Adshade’s second economic explanation draws on human capital theory, the dominant theory of choice among neoclassical economists from the mid-twentieth century onwards. Yuran quotes Adshade: ‘Monogamy has emerged as the dominant marriage institution because the demand for high-quality children has increased the value of high-quality women in the marriage market, making it difficult for even wealthy men to afford more than one wife’ (3). Yuran adds the sarcastic quip: ‘just imagine the supreme quality of Jeff Bezos’s wife!’ It’s a nice example of Yuran’s compelling, entertaining writing style throughout the book, delivering on his provocative title The Sexual Economy of Capitalism. If a reader is promised sex, it’s good not to disappoint.
A little more problematically, Yuran introduces a binary when it comes to his summary of the two economic explanations. He suggests that economists have posited a dichotomy between a socialist explanation, in the case of laws against bigamy, on the one hand, and then, on the other hand, an extreme market-based rationale to explain why monogamy is so popular. When it comes to the second explanation, ‘it is not laws and politicians that sustain the socialist regime in the allocation of wives, but market forces themselves’ (3, emphasis added).

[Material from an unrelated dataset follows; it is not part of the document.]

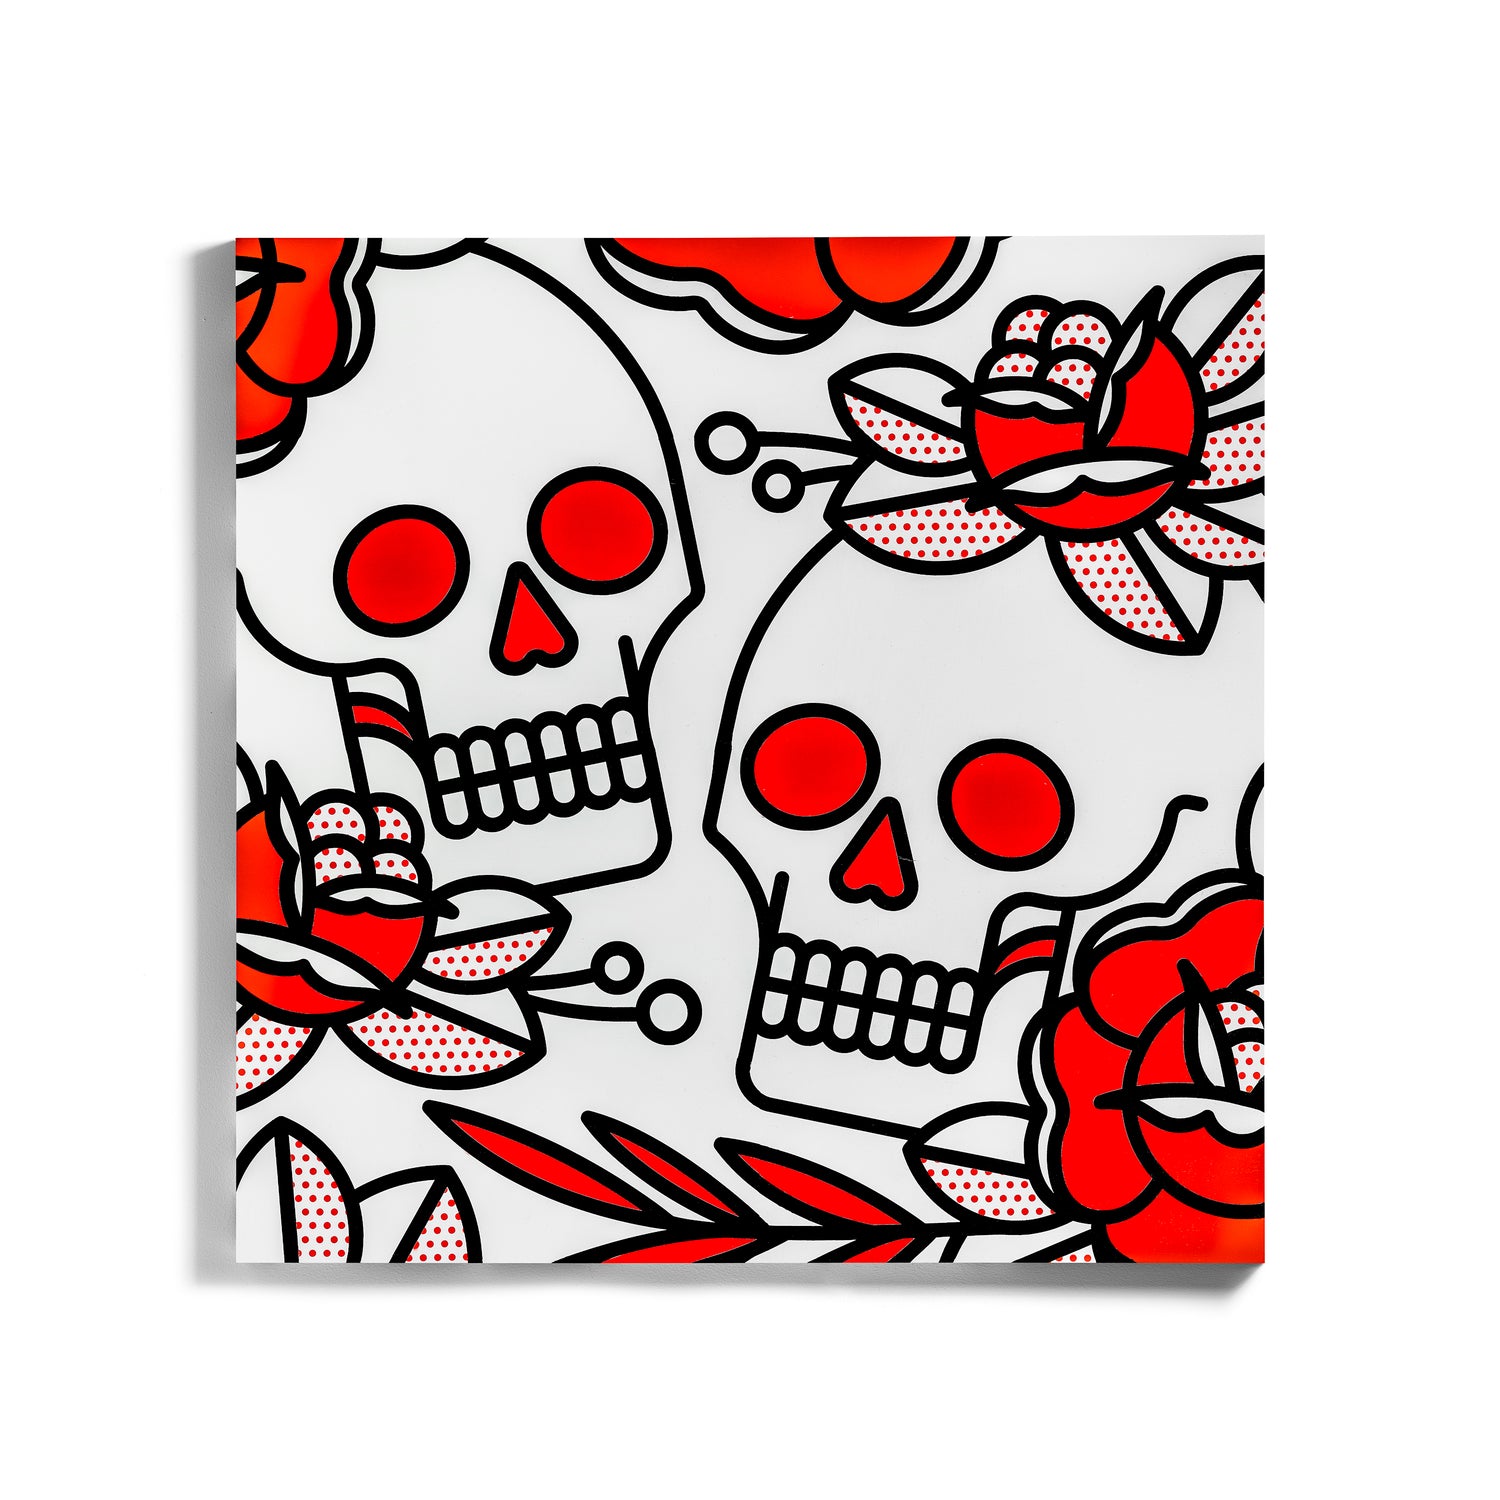 An original painting by the artist, Red Halftone. A 36x36” painting on a wood panel of two skulls facing one another with roses and foliage surrounding them. Painted in a monoline and popart fusion style using a white, black and red color palette.

Yuran’s description of the first economic explanation, where laws are implemented to avoid too much scarcity in wives, as a ‘socialist’ one, and the second explanation as ‘market-based’ is a debatable framing choice, particularly given that monogamy laws are hardly unique to socialist nations. The binary of ‘socialism’ versus ‘market’ poses problems for his overarching theory I’ll return to later.
First, though, let me give an overview of the structure of this forum contribution. The first section summarizes the main premise of the book. Next, I focus on the merits of Yuran’s approach. Finally, I offer some critical points.

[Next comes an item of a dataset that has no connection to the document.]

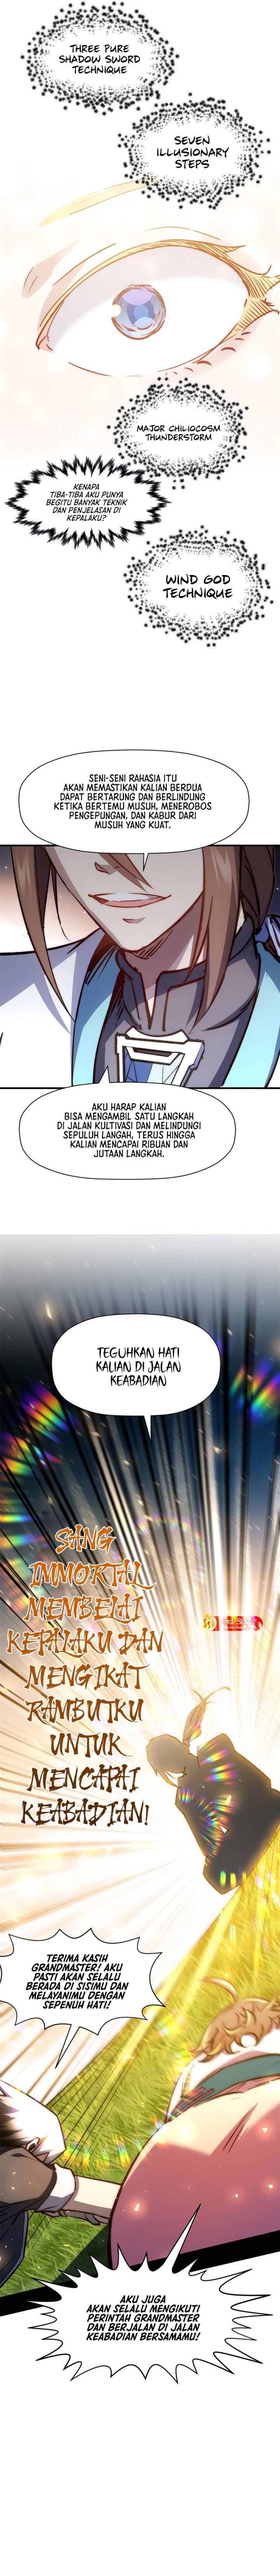 Dilarang COPAS - situs resmi www.mangacanblog.com - Komik top tier providence secretly cultivate for a thousand years 132 - chapter 132 133 Indonesia top tier providence secretly cultivate for a thousand years 132 - chapter 132 Terbaru 14|Baca Manga Komik Indonesia|Mangacan

Capitalism’s sexual economy
Yuran’s core premise is a deeply valuable one. He argues that a distinctive aspect of capitalism is the exact opposite of what other economic sociologists and historians have seen as novel. In contrast to those who believe that what is unique is the increasing commodification of human life and social interaction, Yuran points out that a nakedly instrumentalist, transactional approach to love and marriage was dominant historically only until the arrival of the modern industrial age. His point is that today’s increased veneration of romantic love is an aberration of the long-standing tendency in patriarchal societies to treat women as property (think of dowries). Against the assumption that capitalism is marked by ‘everything having its price’, the converse is true when it comes to love. People who live under capitalism revere ‘love’ for being a pure thing situated outside the market.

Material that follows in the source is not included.